> [Problem to work on] Copy exactly, and only, the lines from the one with "von Ultrasun, 50" to the end of the listing; omit pictures.

> [Collected data]
----

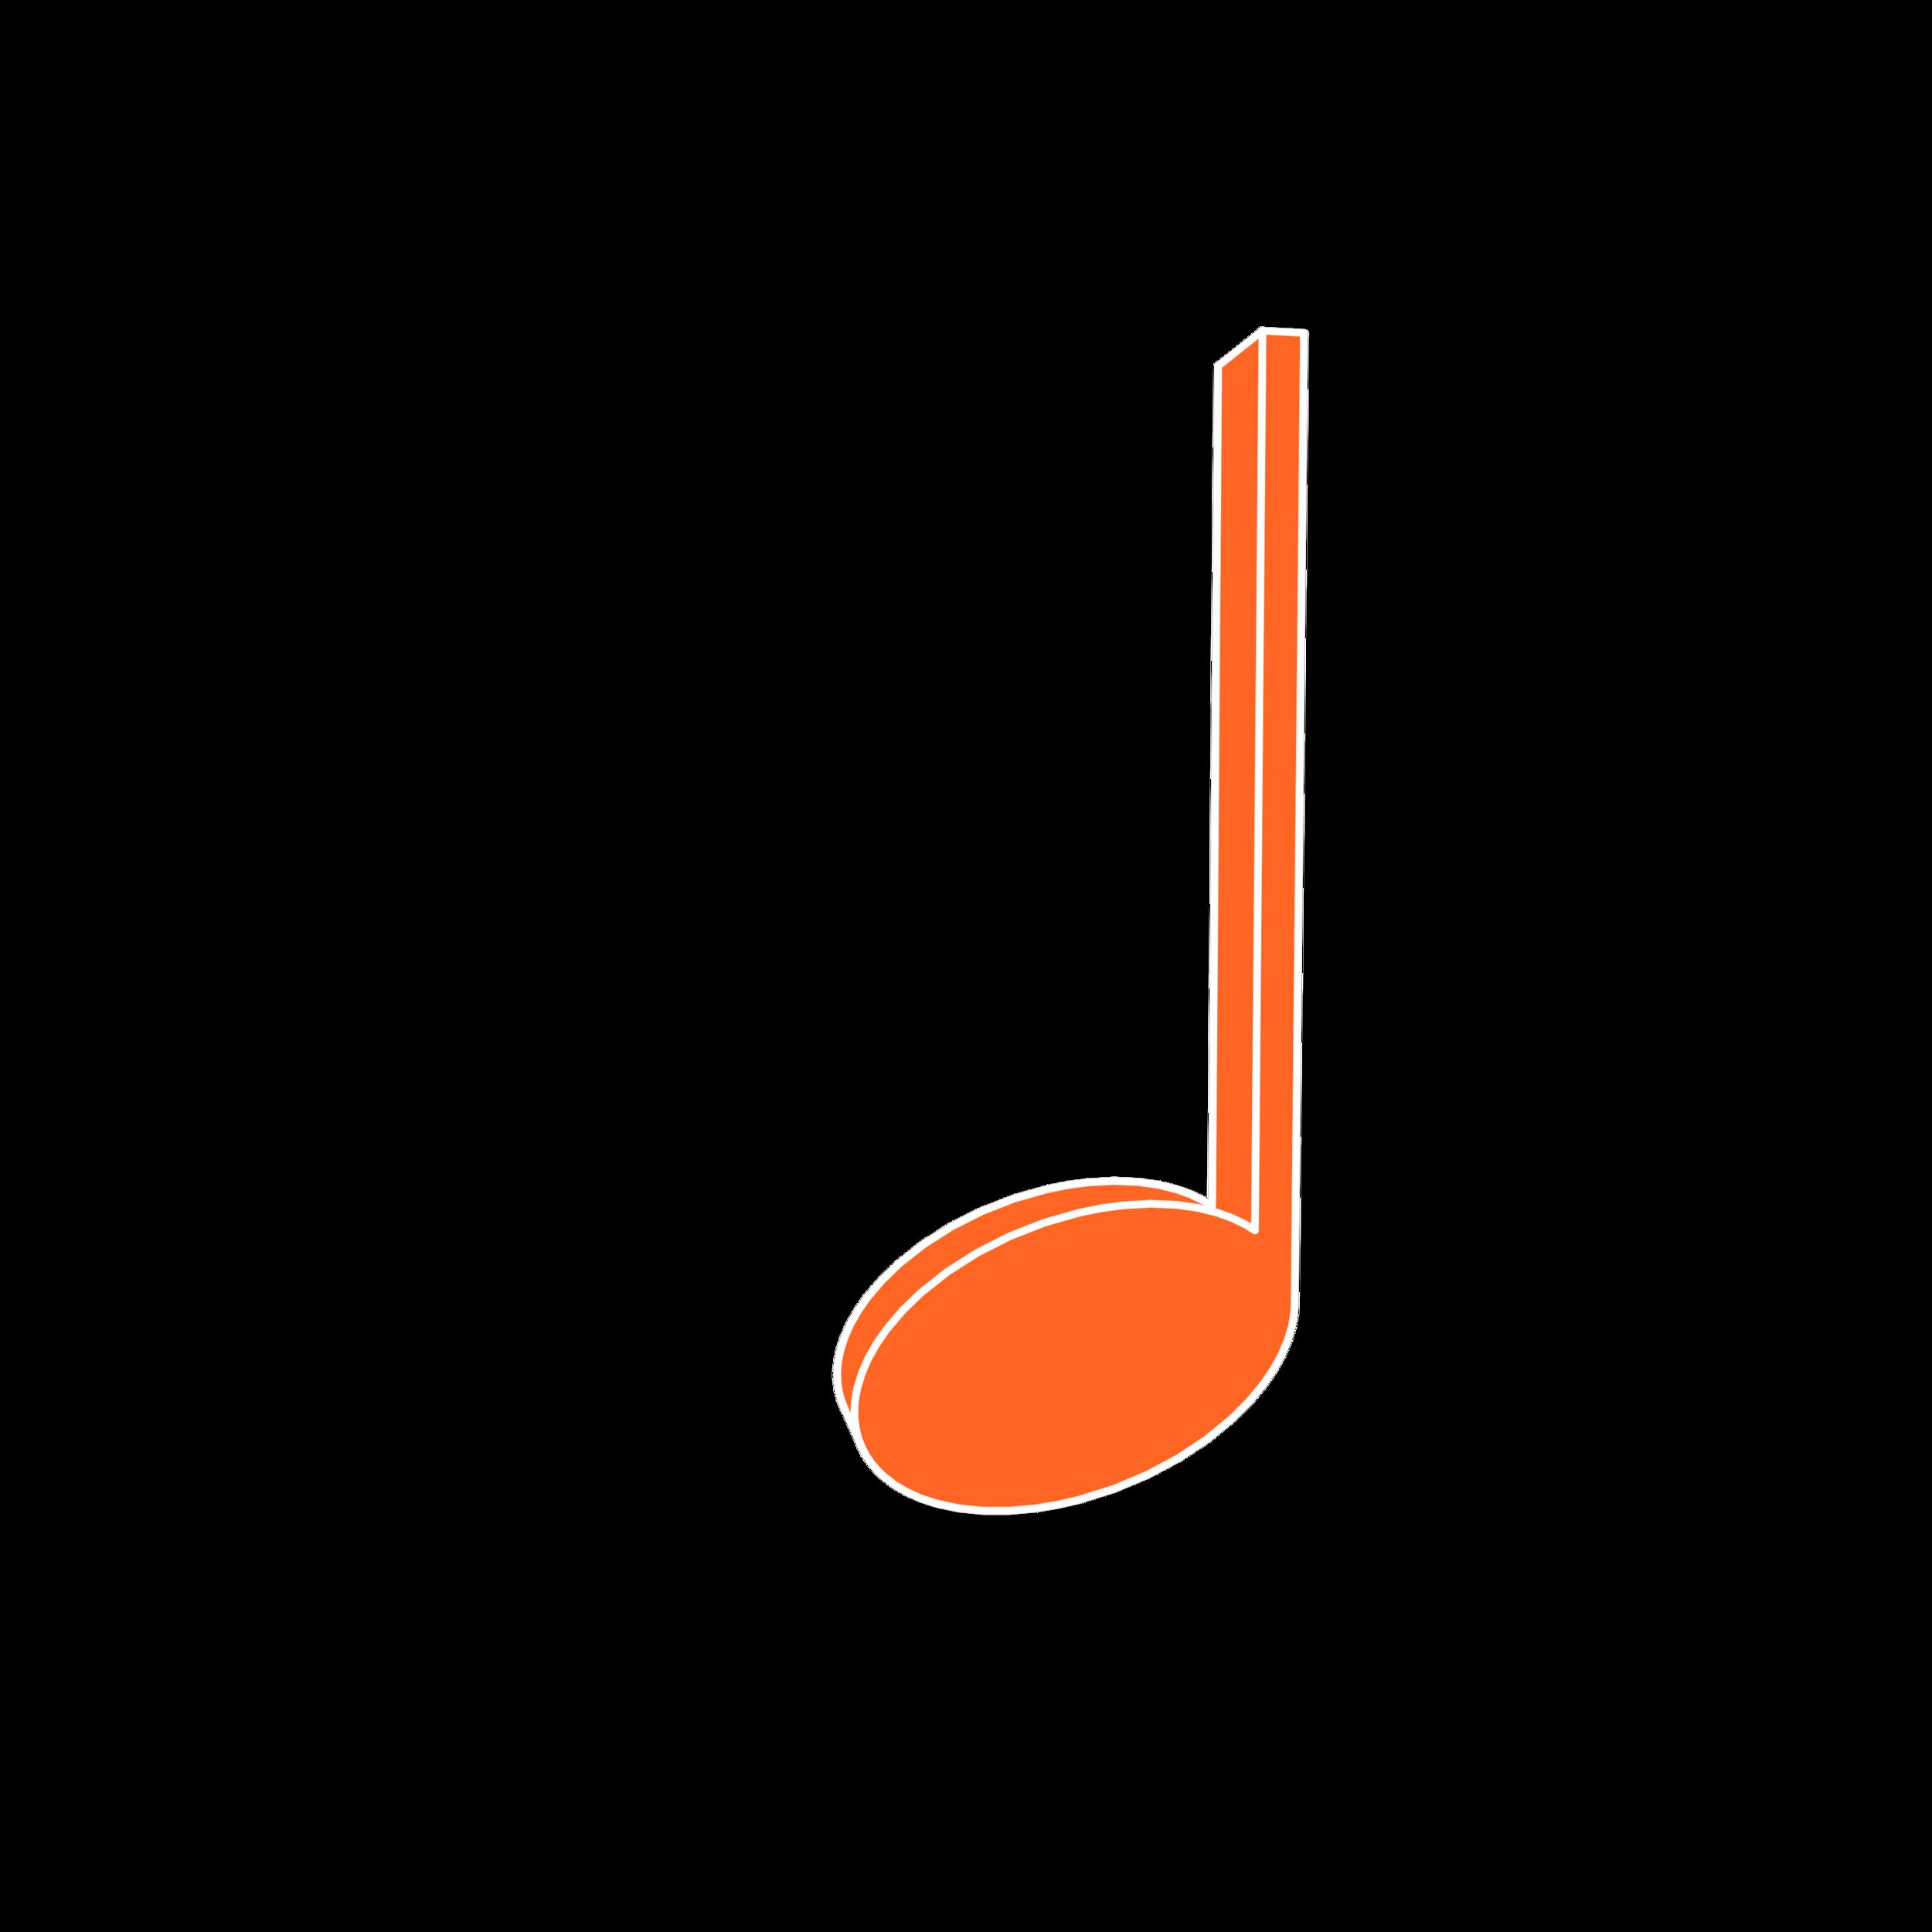 Music_1_-_Orange.png
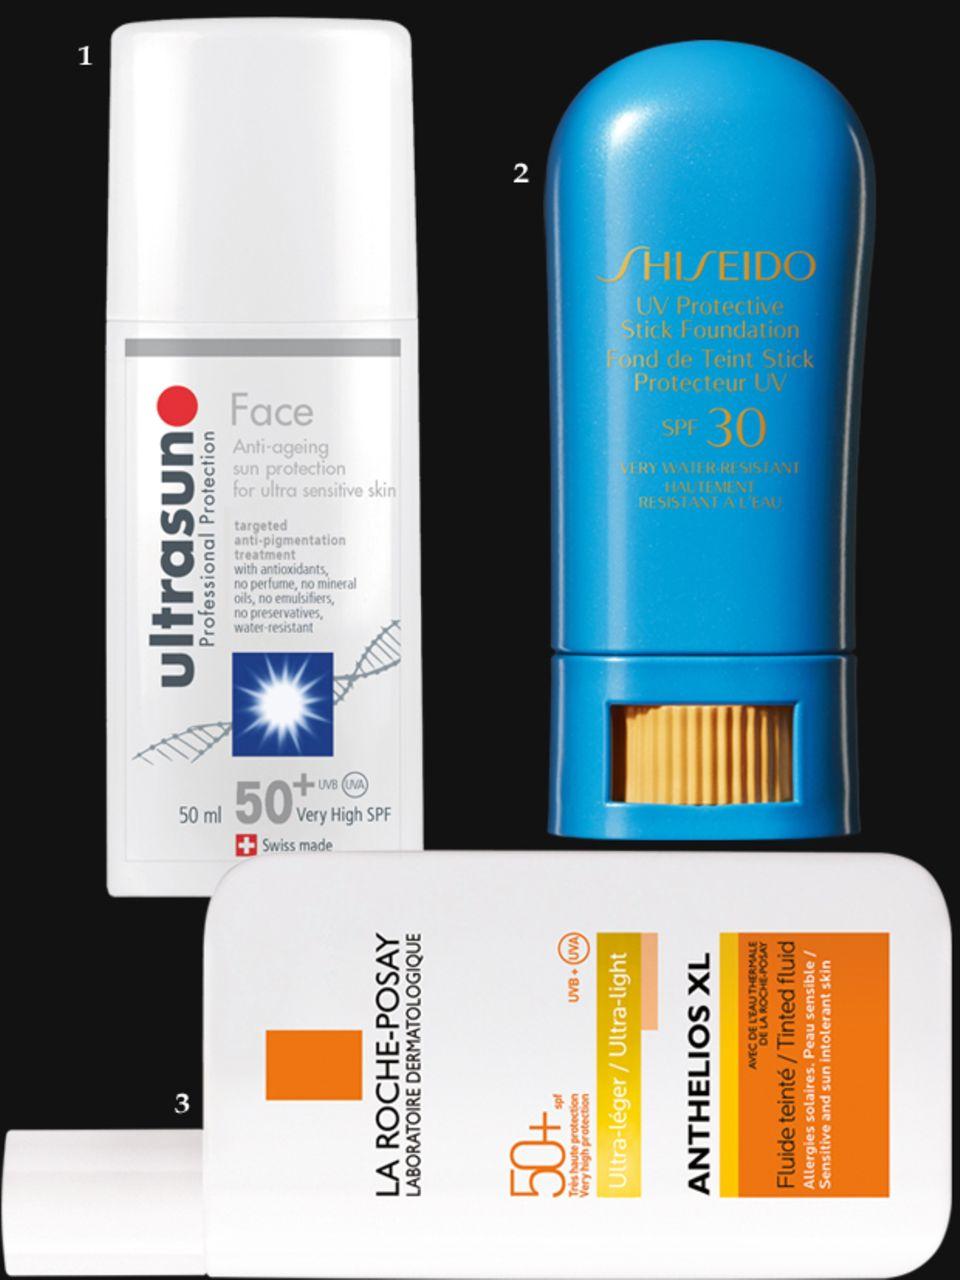 """1. """"Face SPF50+ Anti-Pigmentation"""" von Ultrasun, 50 ml, ca. 23 Euro; 2. """"Suncare UV Protective Stick Foundation SPF 30"""", von Shiseido, ca. 26 Euro; 3. """"Anthelios XL LSF 50+ Getöntes Fluid"""" von La Roche-Posay, 50 ml, ca 20 Euro"""
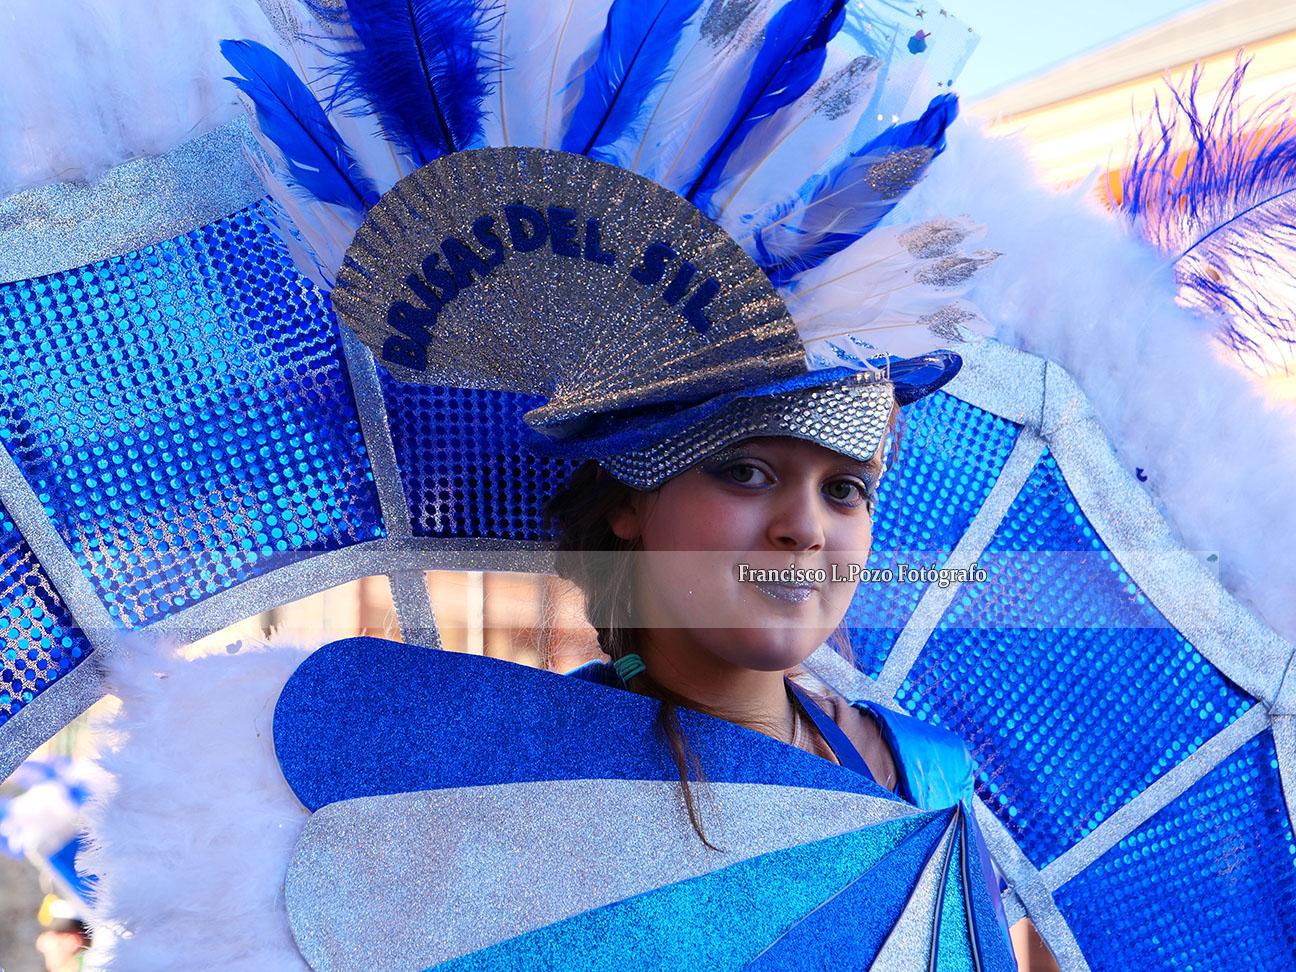 Carnaval 2020: Camponaraya sale a la calle a ritmo de comparsa 15
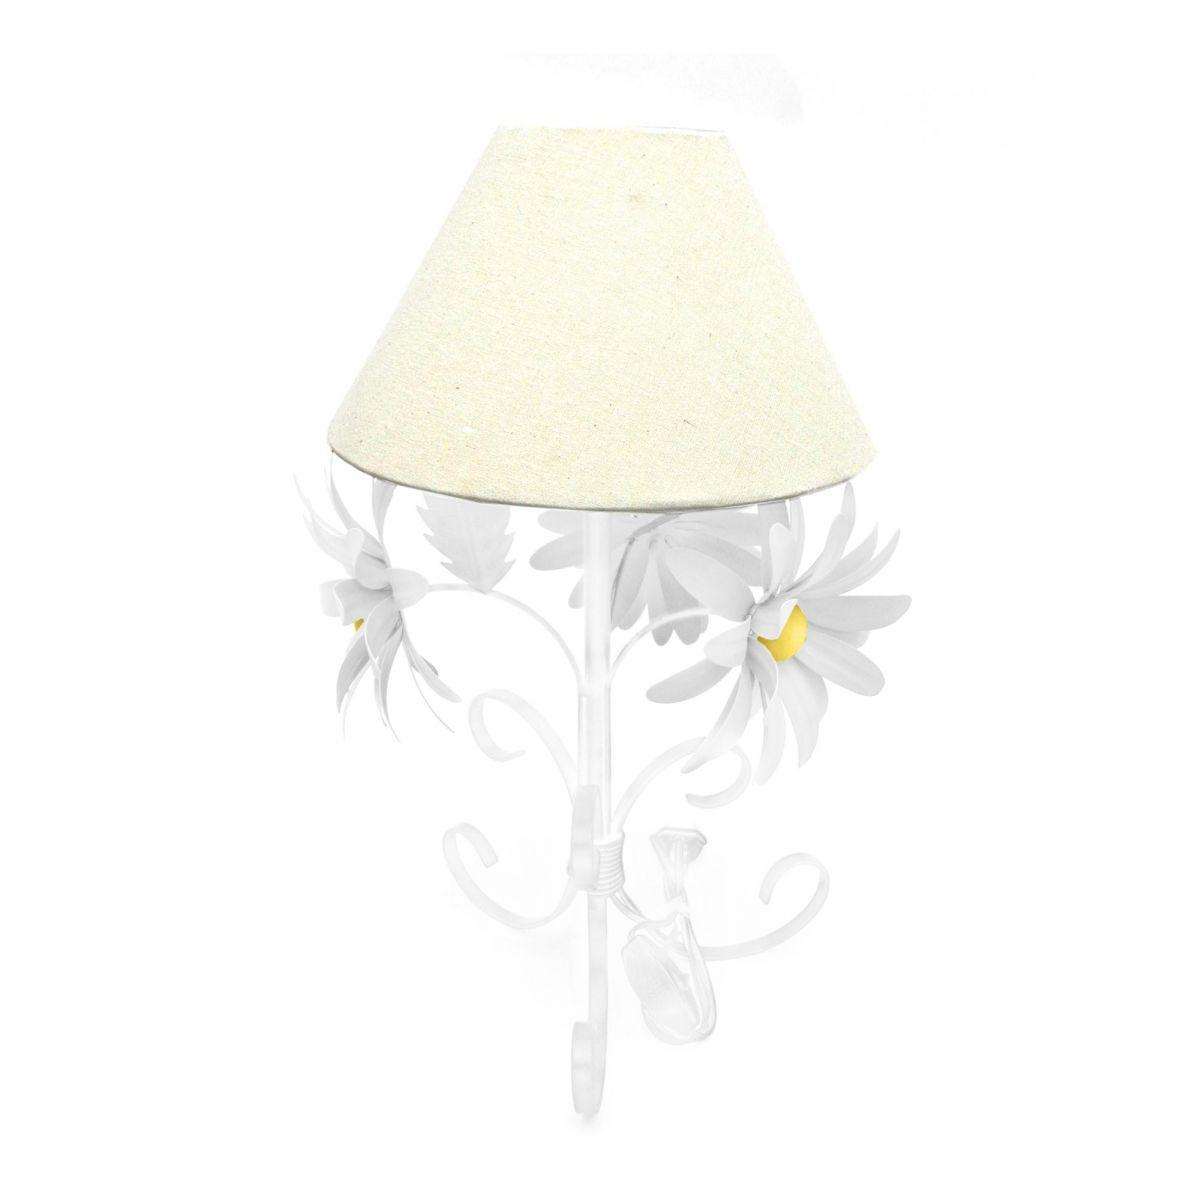 Abajur De Ferro E Lata Decorativo para Sala Com Flores Provençal

----

> [Response to this task]
 """1. """"Face SPF50+ Anti-Pigmentation"""" von Ultrasun, 50 ml, ca. 23 Euro; 2. """"Suncare UV Protective Stick Foundation SPF 30"""", von Shiseido, ca. 26 Euro; 3. """"Anthelios XL LSF 50+ Getöntes Fluid"""" von La Roche-Posay, 50 ml, ca 20 Euro"""
 Carnaval 2020: Camponaraya sale a la calle a ritmo de comparsa 15
 Abajur De Ferro E Lata Decorativo para Sala Com Flores Provençal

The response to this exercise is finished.